Первый человек, появившийся полтораста тысячи лет назад, ничем по своим биологическим потребностям от других животных не отличался и точно так же «присваивал» себе то, что ему не принадлежало. При этом в качестве «денег» он уже в глубокой древности стал использовать ракушки, цветные камешки, другие предметы, которые сами по себе никакой ценности не представляли, но на которые можно было обменять или, говоря современным языком, купить заинтересовавшие его реальные блага. (Древние шумеры, например, использовали в качестве денег глиняные статуэтки быков, верблюдов, баранов и т. д., «приобретая» на эти статуэтки реальных быков, верблюдов и баранов.) С ростом благосостояния и возникновения излишка продуктов, но еще до возникновения товарно-денежных отношений, широко применялась и такая форма экономического взаимодействия, как обмен, который Ницше называл справедливостью, понимая при этом под справедливостью естественное стремление человека к самосохранению себя как биологического вида. «Каждый удовлетворяет другого тем, что каждый получает то, что он больше ценит, чем другой, – писал Ницше в книге «Человеческое, слишком человеческое». – Справедливость естественно сводится к точке зрения разумного самосохранения, т. е. к следующему эгоистическому соображению: “Зачем я буду бесполезно вредить себе и при этом все же, быть может, не достигну своей цели?” – Таково происхождение справедливости».
О том, что такое понимание справедливости сродни биологическому самосохранению вида, писал и Зигмунд Фрейд, хотя и он не делал различия между цивилизацией и культурой[6] и, сверх того, примешивал к ним религию: «В чем заключается особая ценность религиозных представлений? Мы говорили о враждебности к культуре, следствии гнета этой последней, требуемого ею отказа от влечений. Если вообразить, что ее запреты сняты и что отныне всякий вправе избирать своим сексуальным объектом любую женщину, какая ему нравится, вправе убить любого, кто соперничает с ним за женщину или вообще встает на его пути, может взять у другого что угодно из его имущества, не спрашивая разрешения, – какая красота, какой вереницей удовлетворений стала бы тогда жизнь! Правда, мы сразу натыкаемся на следующее затруднение. Каждый другой имеет в точности те же желания, что и я, и будет обращаться со мной не менее любезным образом, чем я с ним.
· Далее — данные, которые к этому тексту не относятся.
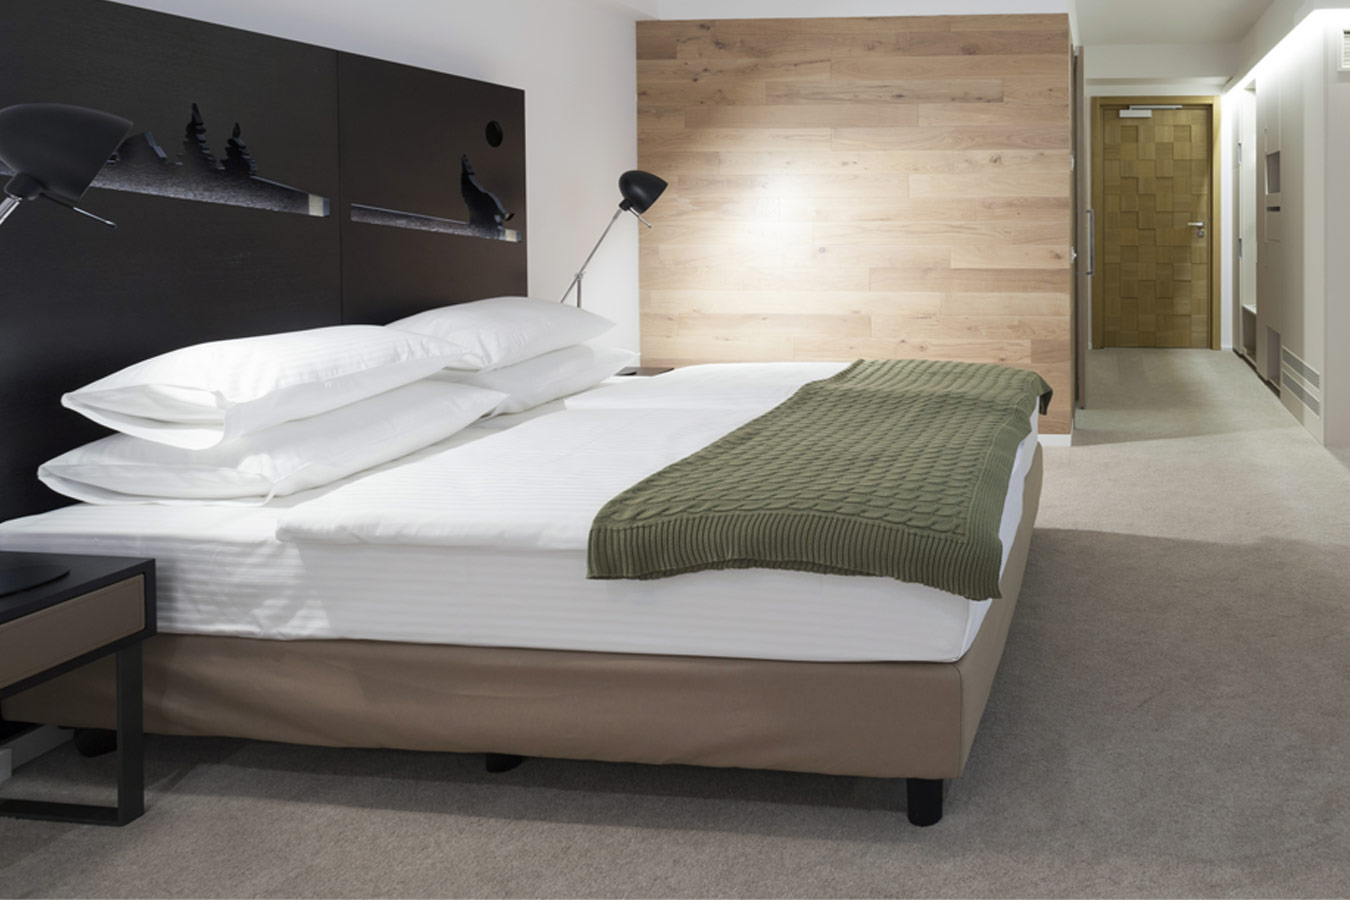 moderne slaapkamer idee235n amp inspiratie

По существу, только один-единственный человек может поэтому стать безгранично счастливым за счет снятия всех культурных ограничений – тиран, диктатор, захвативший в свои руки все средства власти; и даже он имеет все основания желать, чтобы другие соблюдали по крайней мере одну культурную заповедь: не убивай».
В принципе, и самоограничения, налагаемые на себя человеком, и использование ракушек или глиняных статуэток в качестве «платежного» средства, и обмен как мера справедливости, диктуемая эгоистическими соображениями, согласуется с теорией эволюции Дарвина, основное место в которой занимает борьба за выживание. Логично предположить, что первые люди, подобно другим животным, «присваивали» себе особи женского пола, образуя с ними на время спаривания и ухода за родившимися малышами или «брачные пары», принятые у большинства зверей и птиц, или, подобно львам, моржам и другим животным, гаремы.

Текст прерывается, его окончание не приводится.